Have We Met?

Today I took the usual route to work, my car laboring through lines of traffic. With my audiobook blasting through my speakers, I listened to an intricate story being narrated. I imagined the scenes and characters: a woman with dusty hair and high cheekbones, the city of Rome with its ancient statues and structures, fountains gurgling and ivy crawling — everything in motion. That was my escape.

Sometimes I zone out to a song, the rhythm prodding my feet to move, fingers to tap on the wheel as I drive. But typically, I prefer a story. Because a good author has the ability to mesmerize, to mix words as a chef stirs a sauce, folding in each ingredient with precision. And the aroma entices.

So there I was, sampling a story in my car on my commute to work, tasting the sweet rhythm of artfully arranged words. And then I saw it: a familiar license plate. It was the same plate I recalled seeing in front of me yesterday, and possibly the day before. How many days had I traversed the road with that car, the one with the word “Juls” stamped on the rear plate?

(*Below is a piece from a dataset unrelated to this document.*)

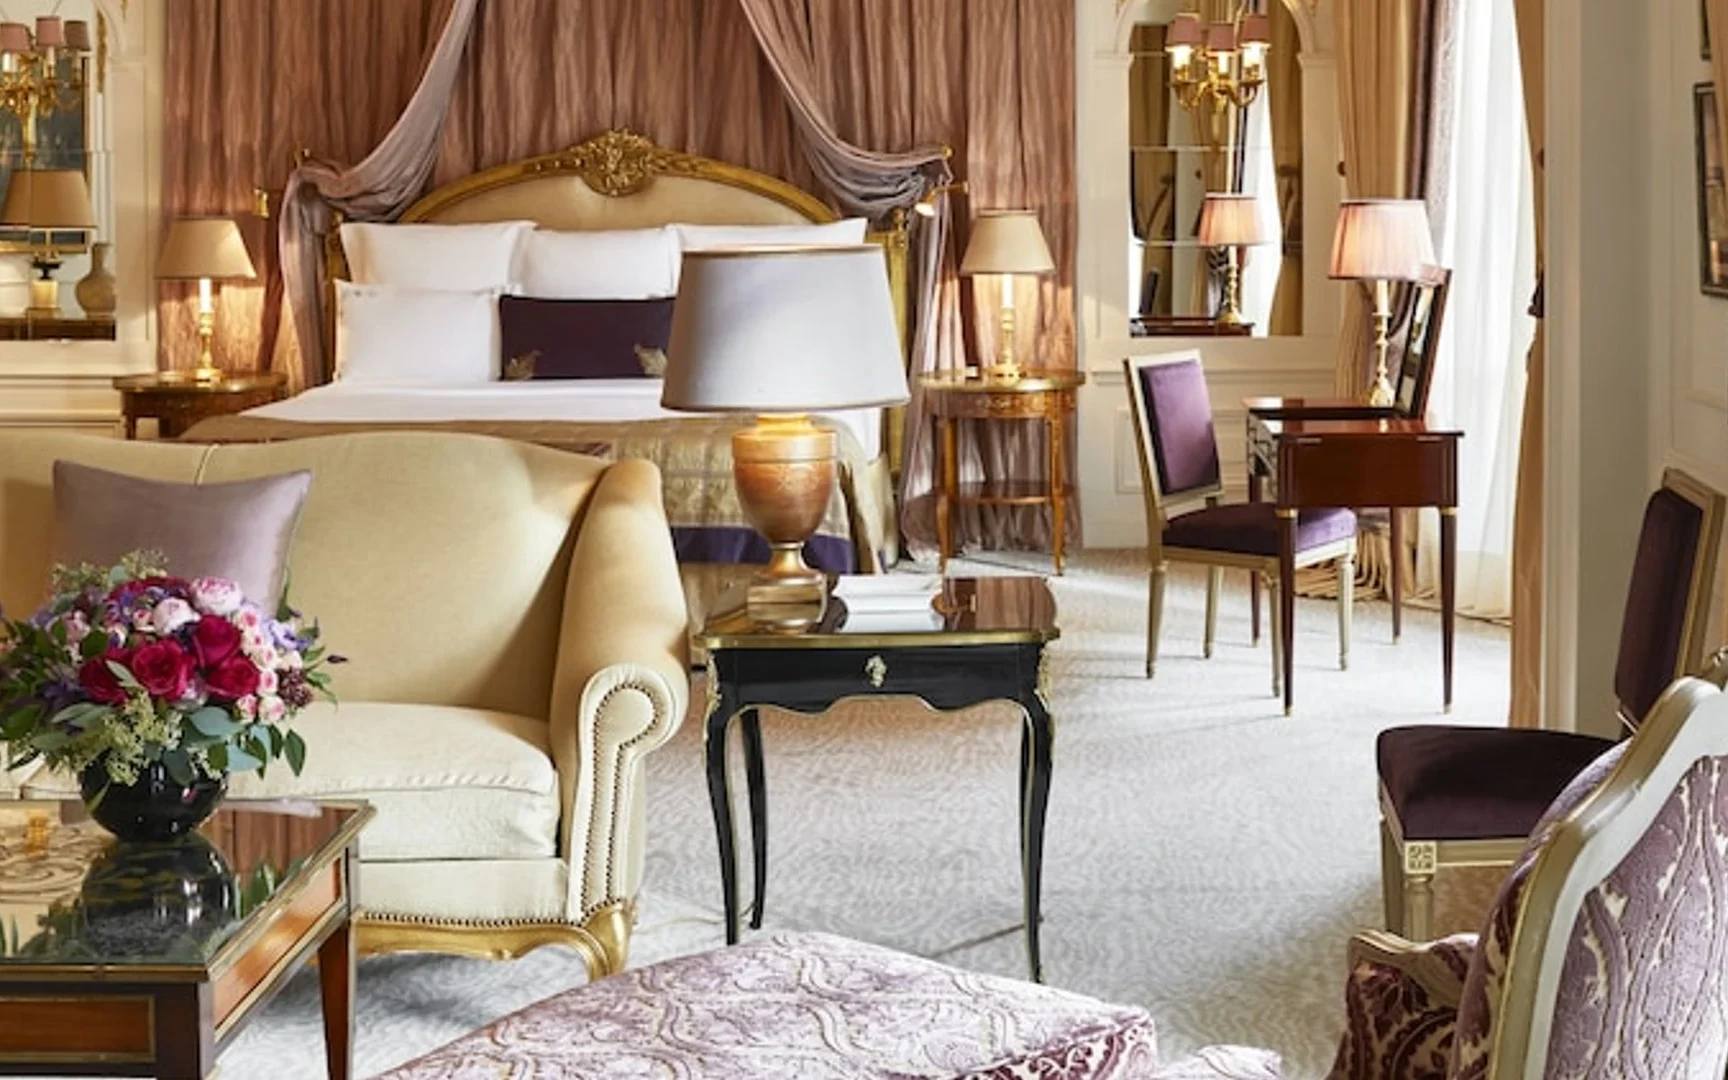 The Royal Suire at Hotel Plaza Athenee Paris is one of the most luxurious hotel rooms in Europe - Luxury Escapes
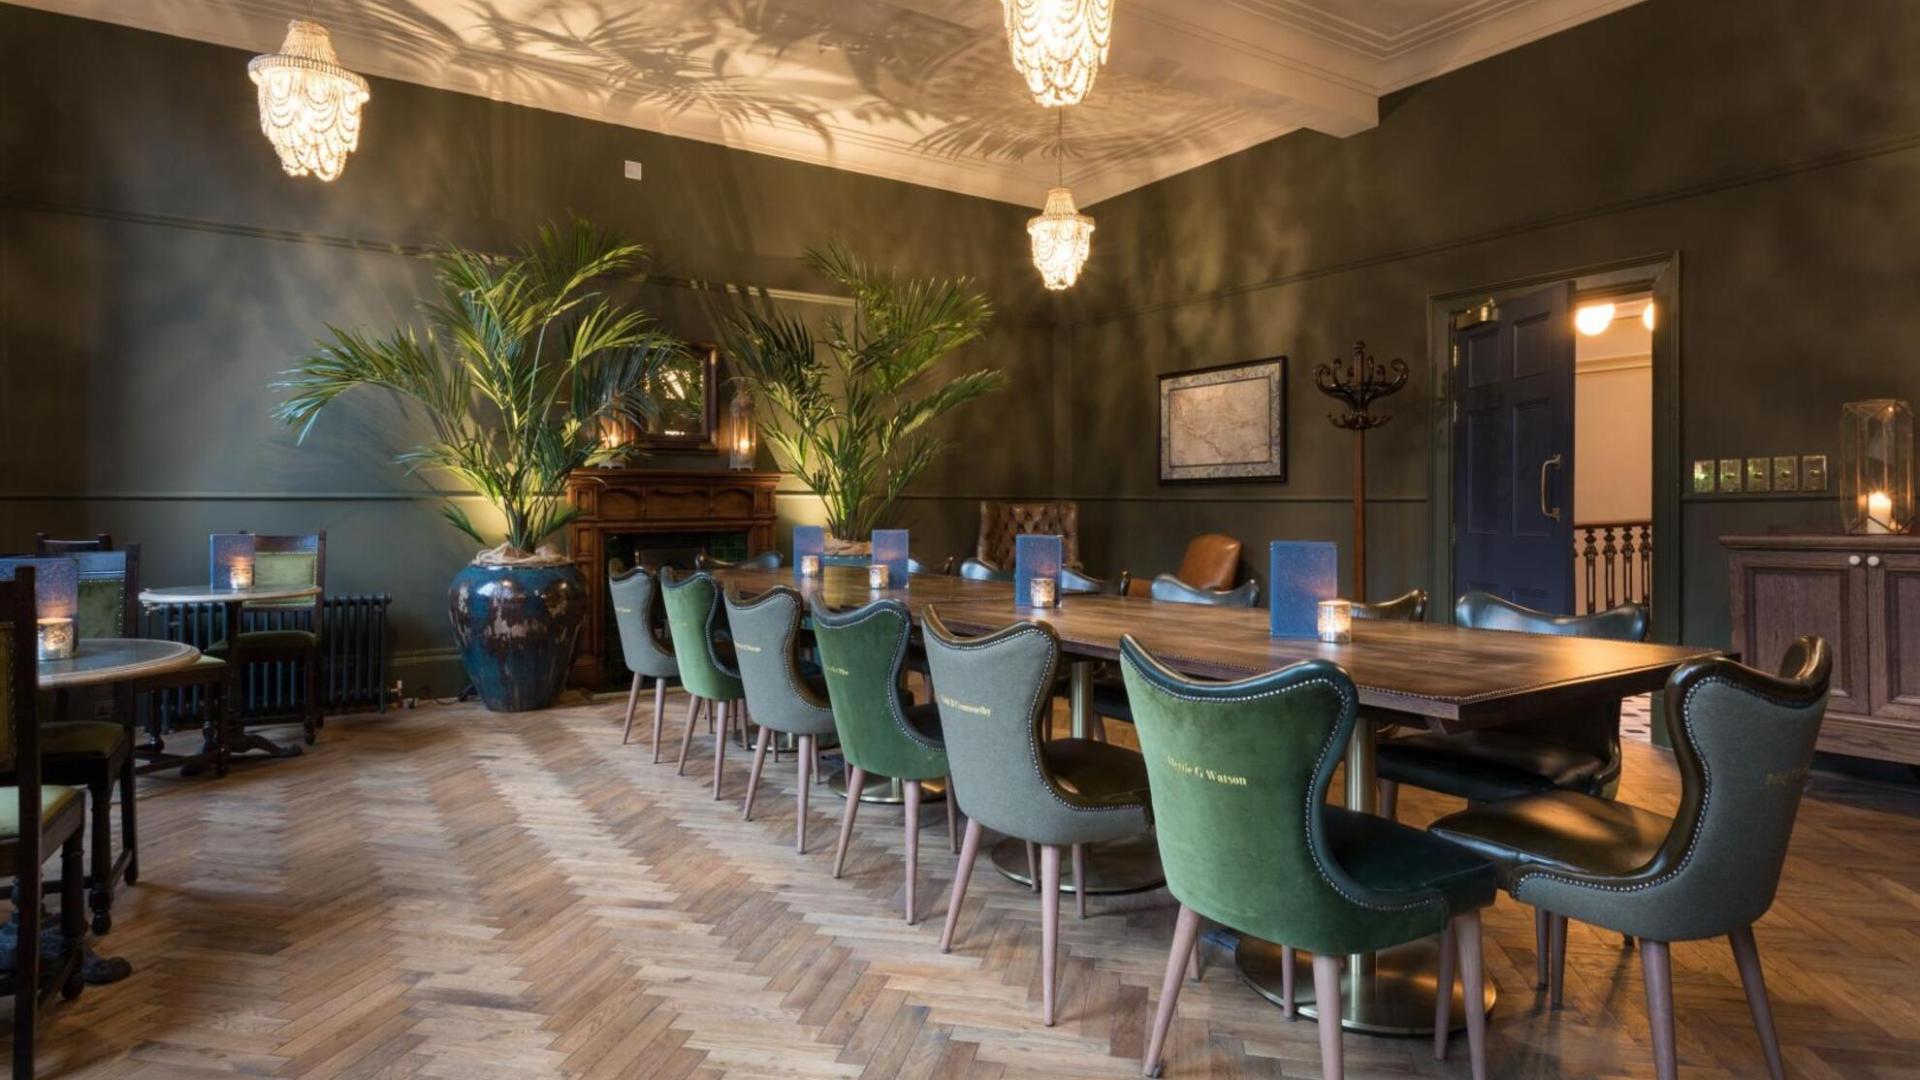 Restaurants with Private Rooms for Hire in Leeds

Suddenly, I wondered if the cars to my left and to my right were also familiar. How often had we shared the road– strangers engrossed in our individual worlds, our thoughts swirling down lists of tasks to be done?

We devour our days before they begin, swallowing each second in a single gluttonous gulp. Never tasting. Never savoring.

It is human to wander into rooms we’ve not yet entered physically, mentally clicking on computer programs and watching an avalanche of email messages drop. We imagine conversations, feel the flame of vexing words bringing heat into our veins. I’m good at that — becoming angry about words that never were spoken. 

We live outside of our bodies, always swimming, climbing, reaching for the future. And as we chase the tail of tomorrow, we miss the magic of this moment. We fail to see who drives beside us as the sun sprays gold in the spaces between each cloud and tree.

Sometimes there is beauty in the wandering of our thoughts. To daydream is to dance beyond gravity in a weightless world. And I am a daydreamer, an other-world inhabitant. I always have been. I suppose it is human to escape, or to yearn to be elsewhere at any given time. But in doing so, I rob my senses of the “now” experience. 

And I wonder as I wade through traffic… have we met?